I am sure that my right hon. Friend would agree that Labour Members and many Members on the Conservative Benches want evidence-based policy—there has not been an ideological knee-jerk reaction saying all wind power is bad. I could give the example of the east coast of Yorkshire, where we have had an all-party, positive attitude. We have been working across parties together to get the vast investment with Siemens to get wind power from the sea.
I agree. There is a gap between what the Government say and what they do. That is bad—
I am going to make some progress because it is a short debate.
That gap is bad for jobs and for tackling climate change and it does not bode well. Leadership needs to be shown in the months ahead.
By this time next year we could have a binding agreement from 196 countries that puts us on a path to a sustainable future, but it will require us to show real leadership. It used to be said we would never get a deal without the world’s biggest emitters stepping up. Well, America and China have already taken one step with a deal that could see China’s emissions peak in 2030 and would see the US reduce its emissions to 26% to 28% below 2005 levels by 2025.
The current bid from the EU for “at least” a 40% reduction in emissions by 2030 does not go far enough. We are already signed up to a tougher target of 60% by 2030 at home, because of the Climate Change Act and the fact that we met our first carbon budget. We should be doing everything possible to toughen the EU position. The “at least” in the EU submission makes it possible to do that. The EU has already met its 2020 target five years early. I think we should be more ambitious. In his statement today, the Prime Minister said we needed to be ambitious, so I ask the Secretary of State, what does ambition in the EU look like?

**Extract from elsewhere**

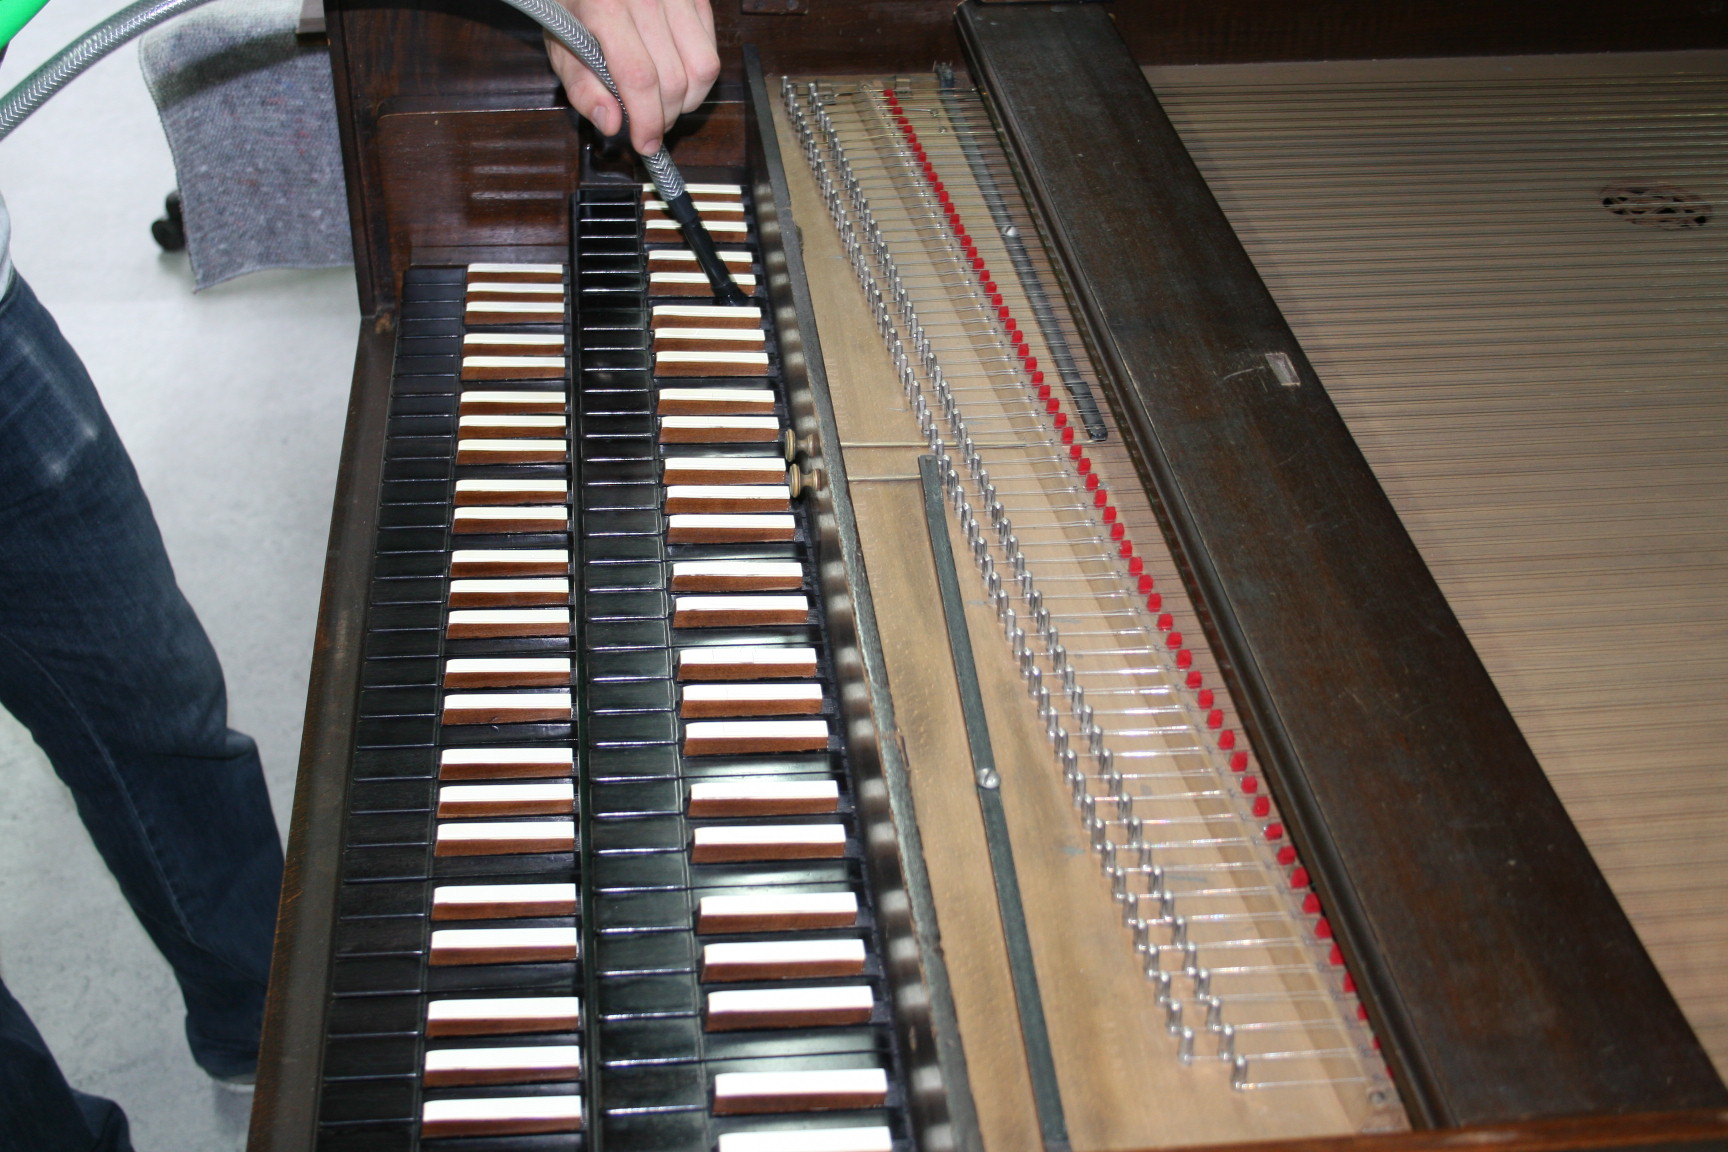 historisches museum frankfurt: Chembalo-Tastatur

We also have to recognise the link between the sustainable development goals being negotiated in September and the Paris conference, because we will not make progress in reducing poverty unless we succeed in limiting the effects of climate change, which we know devastates communities and affects food security, transport and jobs. It leads to the displacement of people with no home or hope, and to the costs that follow in disaster relief. I am proud that under the last Labour Government, the Department for International Development led the world in helping countries adapt to climate change, such as Bangladesh, where 300,000 people were helped in raising their homes above sea level.
Is the right hon. Lady going to address the issue of cost? She criticised me and four others for voting against the Climate Change Act, but I did so because the impact assessment showed that the potential costs were twice the maximum benefits. According to the Government, the costs will now reach something like £400 a household by 2020. Will she address that issue?
The problem is that although the right hon. Gentleman is right that there is a cost to change, there is a bigger cost to doing nothing at all. The investment that we make will not only help us make energy cheaper and homes warmer but create job and investment opportunities. He might like to stay in the 19th century, but I would like to take us forward to a better—[Interruption.] I am sorry, but that is what it is—“Let’s stay with what has gone on in the past, even though we know that it is not fit for purpose for the future.” There is everything to gain from having a cleaner-energy future. However, I am glad in some respects that he continues to be a minority voice in the House on the issue.
I absolutely agree with my right hon. Friend’s point. Does she agree that the Stern report made it clear that the medium and long-term costs to this country and many others, particularly developing countries, will be far greater than the costs of not dealing with the challenge of climate change now?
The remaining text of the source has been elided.